● **Data provided**:
────────────────────────────────────────

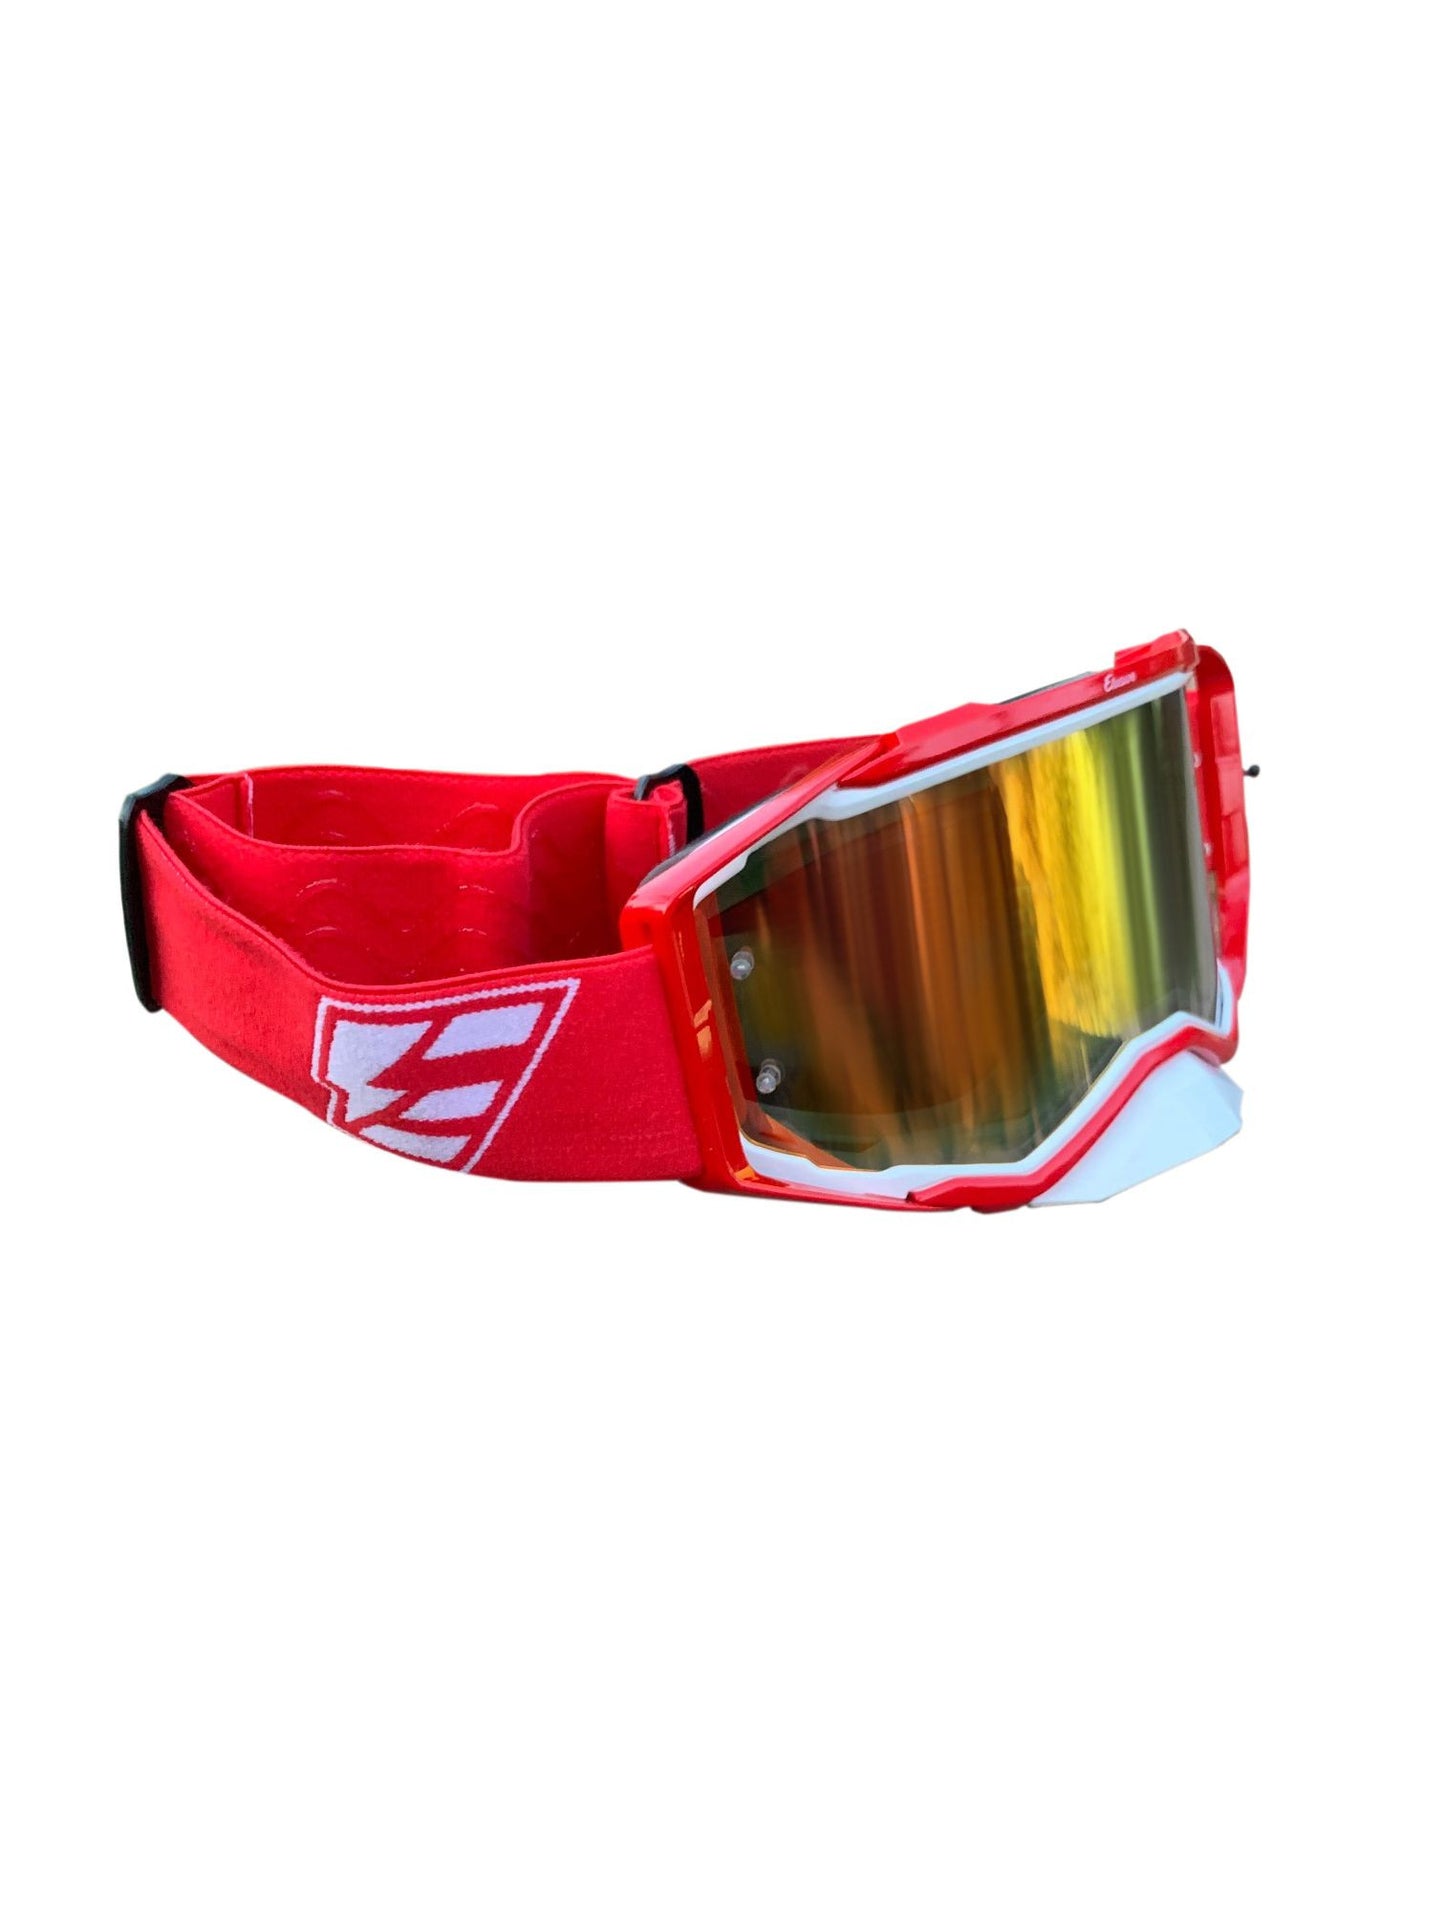 Elusive Goggles. Red/white
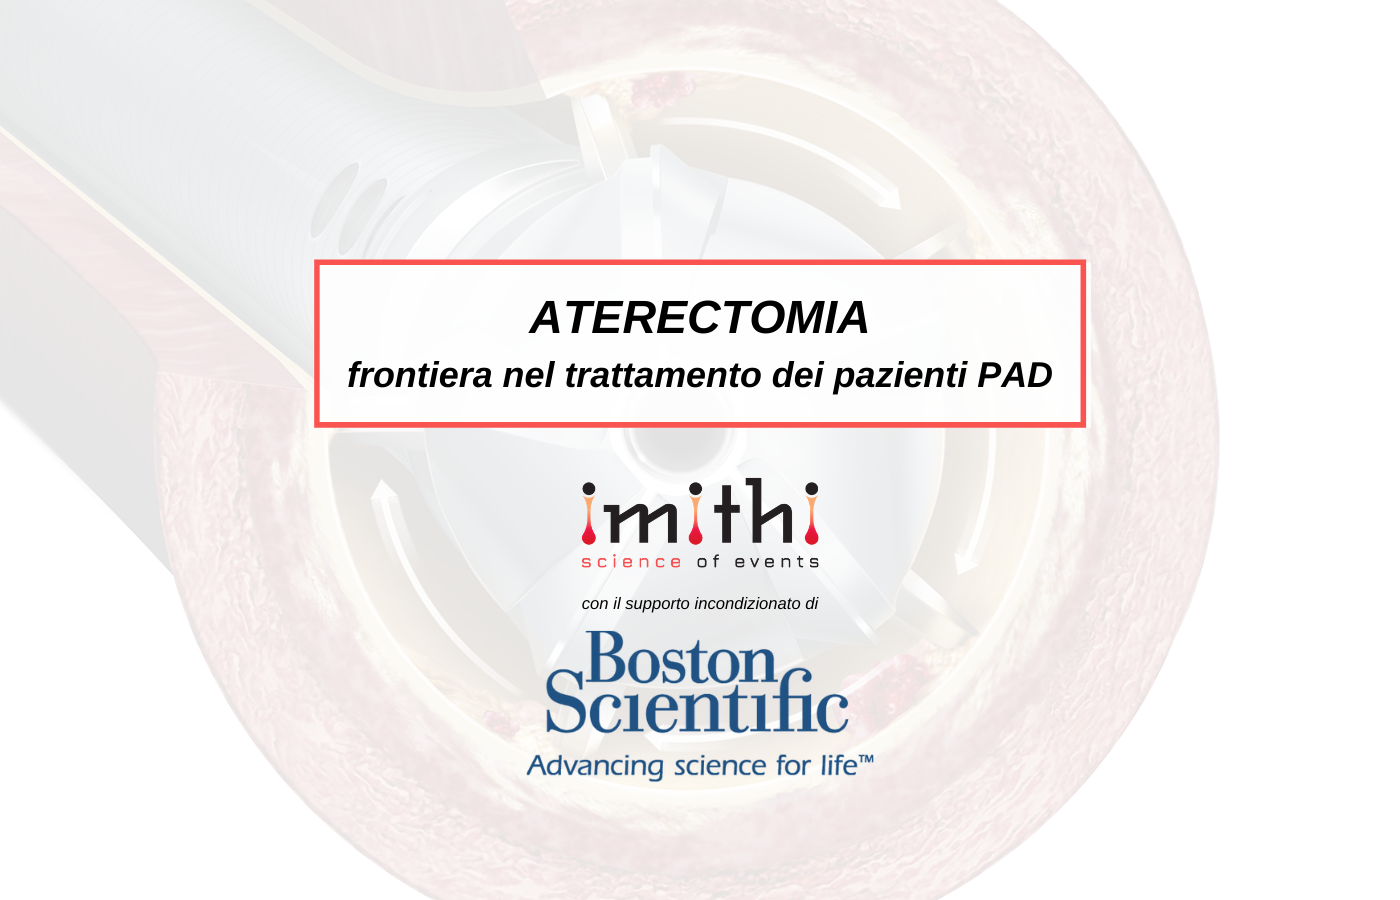 Aterectomia: frontiera nel trattamento dei pazienti PAD
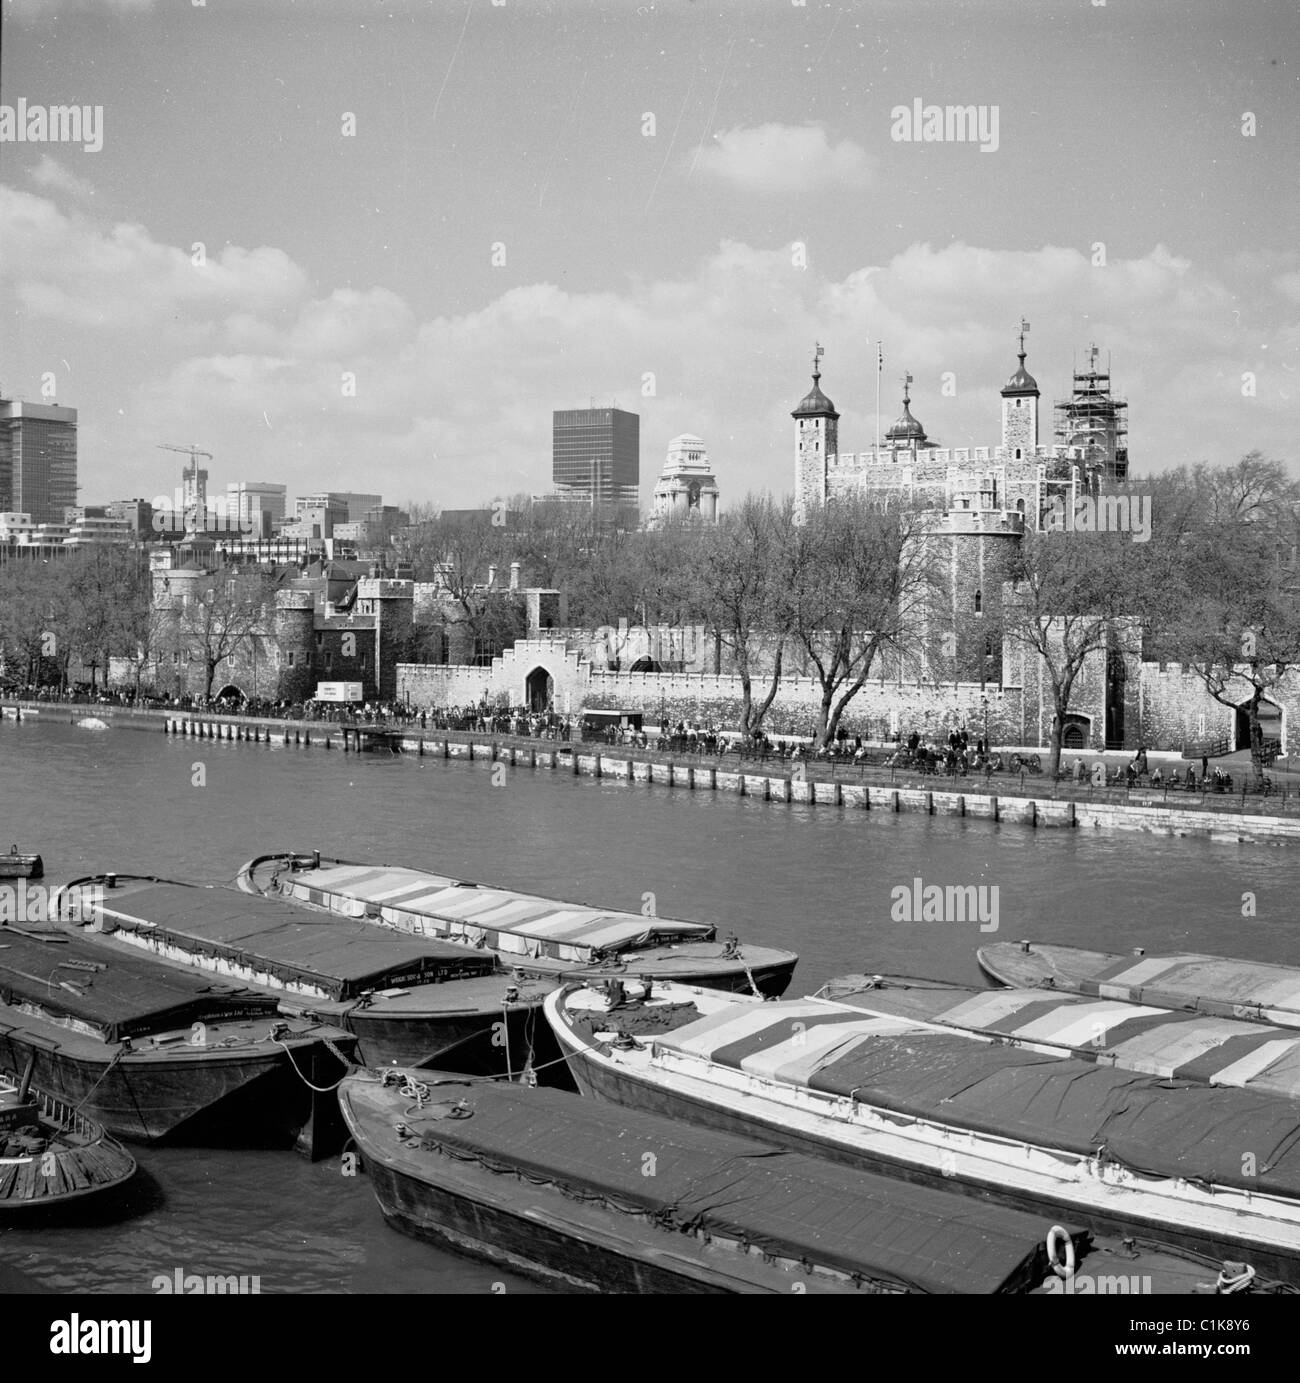 1950, vista sul Tamigi che mostra il famoso monumento storico, la Torre di Londra, una fortezza risalente al 1078 e sede dei Gioielli della Corona Britannica. Foto Stock
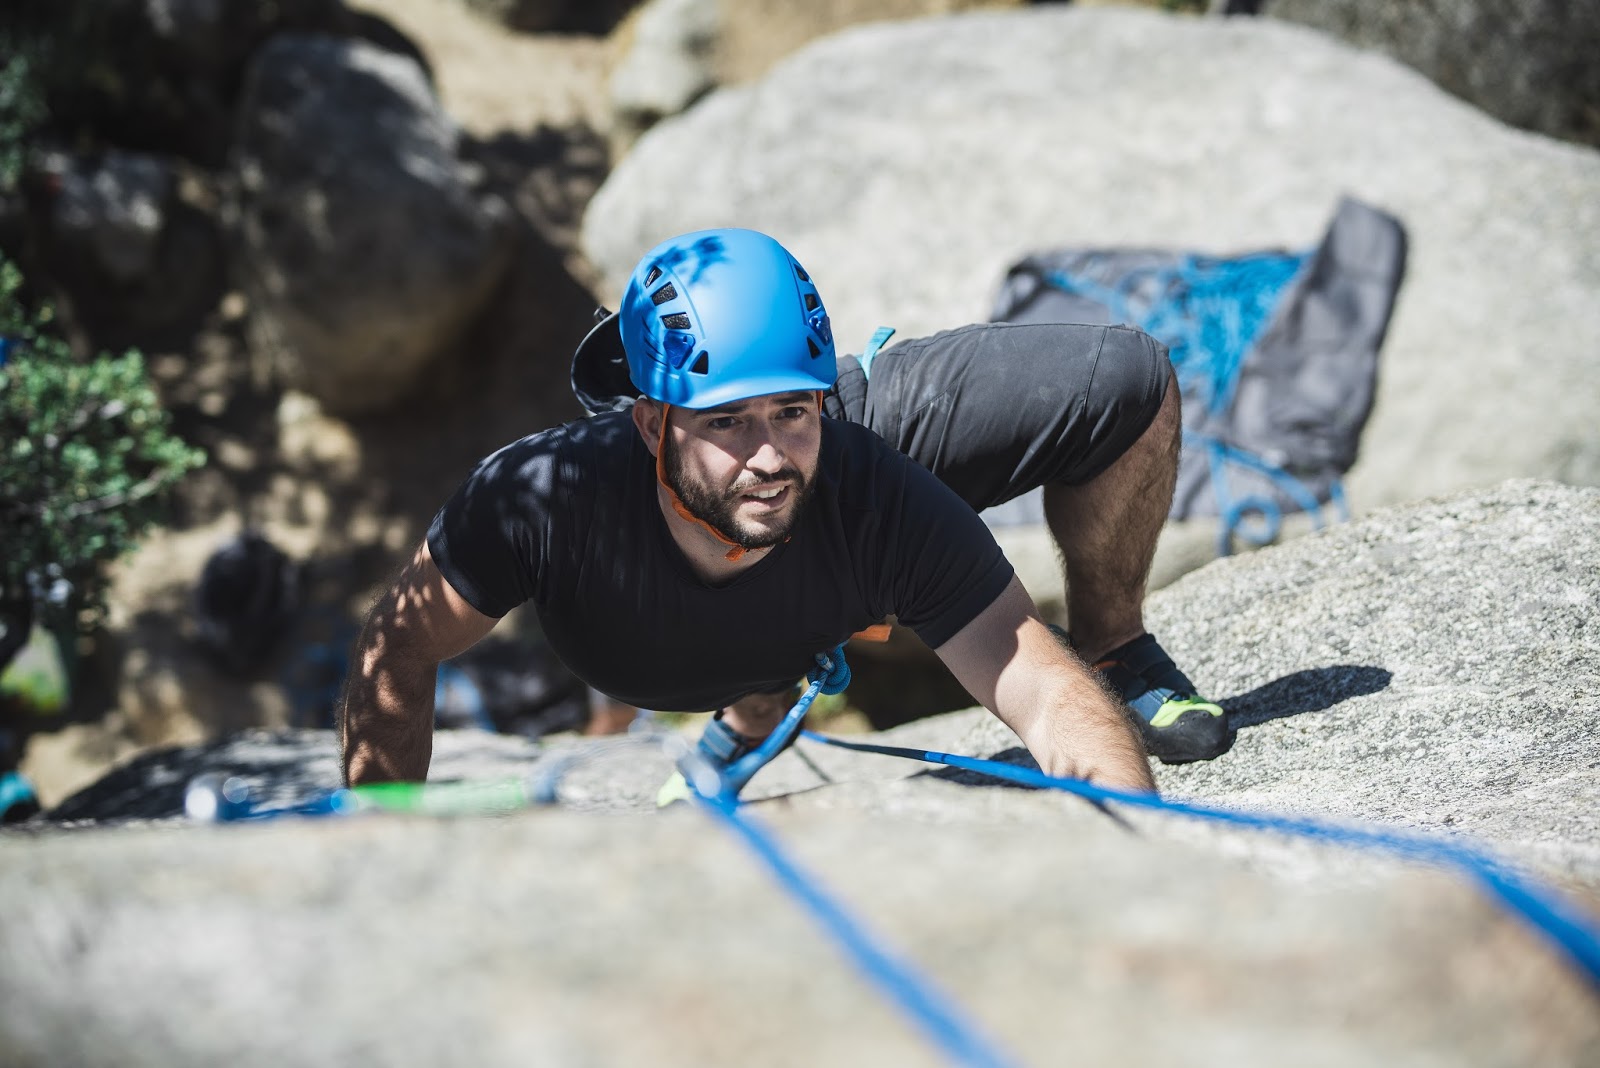 Maneras escalar: Decathlon y los nuevos productos de escalada Simond

────────────────────────────────────────

● **Task directions**: The data must come back word for word, with every picture removed.

● **Answer section**:
 Elusive Goggles. Red/white
 Aterectomia: frontiera nel trattamento dei pazienti PAD
 1950, vista sul Tamigi che mostra il famoso monumento storico, la Torre di Londra, una fortezza risalente al 1078 e sede dei Gioielli della Corona Britannica. Foto Stock
 Maneras escalar: Decathlon y los nuevos productos de escalada Simond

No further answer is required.